Actually, Sarah, doctors -- GP's or Specialists -- are not really a very good source for information on medical research and study data (spoken as the son of an Internist -- I know lots of doctors well).
What Christalyn says above is true -- by the time of diagnosis, all T2's have substantially reduced beta cell function -- this is why they have become symptomatic, i.e. diabetic. Prior to that, they have been living with insulin resistance for years, and their pancreas has been meeting that challenge.
A paper by Guillausseau PJ1, Meas T, Virally M, Laloi-Michelin M, Médeau V, Kevorkian JP. titled, "Abnormalities in insulin secretion in type 2 diabetes mellitus" published in 2008 in the Journal, Diabetes & Metabolism. The abstract:
Type 2 diabetes mellitus is a multifactorial disease, due to decreased glucose peripheral uptake, and increased hepatic glucose production, due to reduced both insulin secretion and insulin sensitivity. Multiple insulin secretory defects are present, including absence of pulsatility, loss of early phase of insulin secretion after glucose, decreased basal and stimulated plasma insulin concentrations, excess in prohormone secretion, and progressive decrease in insulin secretory capacity with time. beta-cell dysfunction is genetically determined and appears early in the course of the disease. The interplay between insulin secretory defect and insulin resistance is now better understood. In subjects with normal beta-cell function, increase in insulin is compensated by an increase in insulin secretion and plasma glucose levels remain normal.
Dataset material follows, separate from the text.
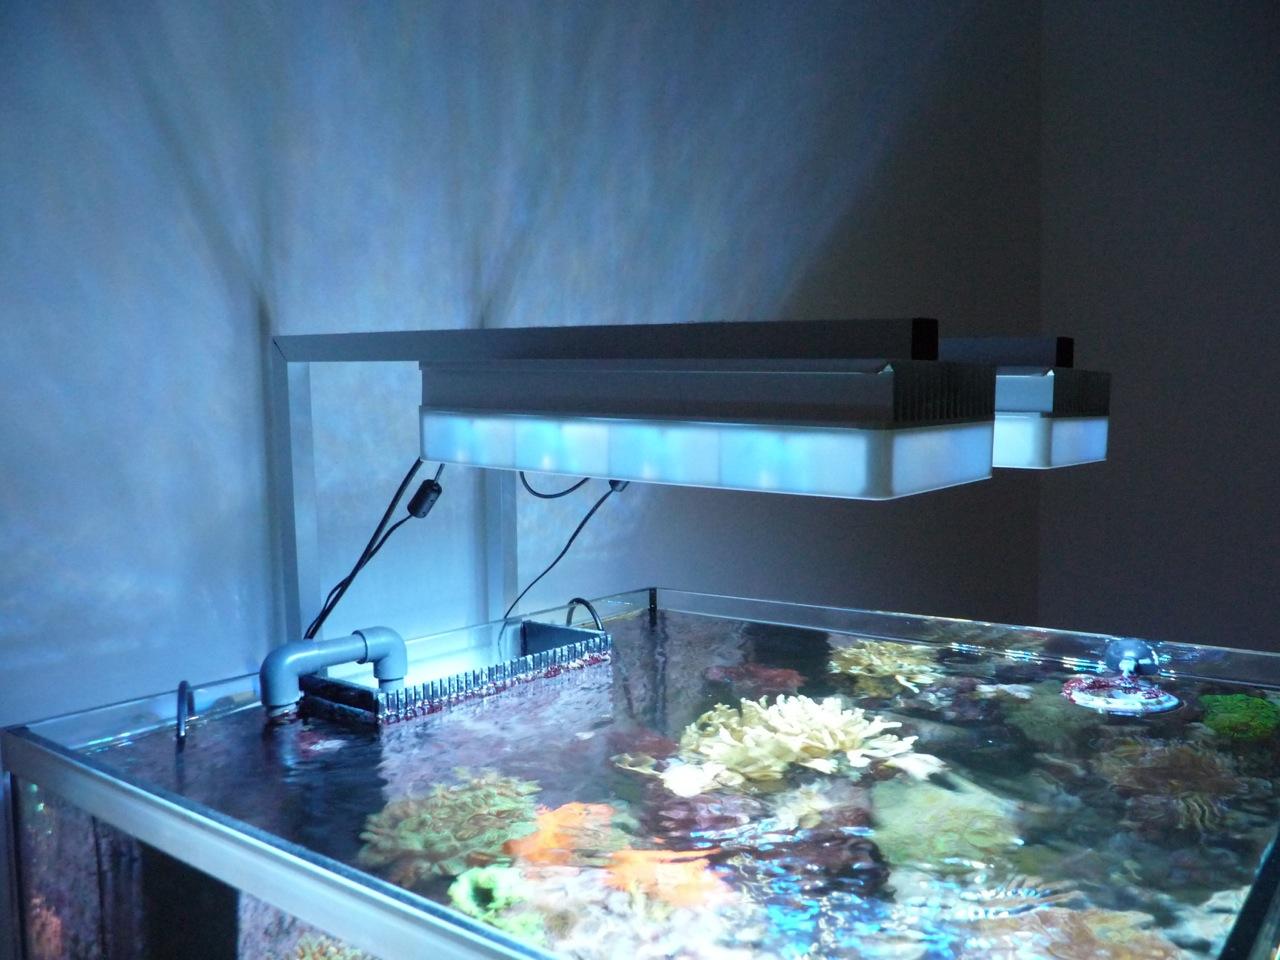 ai sol led ber scubacube 270 meerwasseraquarium. Black Bedroom Furniture Sets. Home Design Ideas

In subjects genetically predisposed to type 2 diabetes, failure of beta-cell to compensate leads to a progressive elevation in plasma glucose levels, then to overt diabetes. When permanent hyperglycaemia is present, progressive severe insulin secretory failure with time ensues, due to glucotoxicity and lipotoxicity, and oxidative stress. A marked reduction in beta-cell mass at post-mortem examination of pancreas of patients with type 2 diabetes has been reported, with an increase in beta-cell apoptosis non-compensated by neogenesis.
While it is true that T2's will usually always have some insulin production regardless of how far the disease has progressed, it is not true that they have an otherwise healthy pancreas producing the maximum amount of insulin possible from a healthy organ and it's just insulin resistance that makes it not enough.
The problem is a combination of IR and impairment of the pancreas. Something else you many not be aware of: IR, once someone's a diagnosed diabetic (i.e. it's progressed enough to be symptomatic), IR is pretty stable, and doesn't really get any worse for most T2's as long as they maintain their weight.
The disease continues to progress, however, because the pancreas continues to decline. Many T2s, like T1s, end up needing basal insulin in their later years because their condition is very similar -- little to no insulin production. The paths to get there are different, but the end result is the same.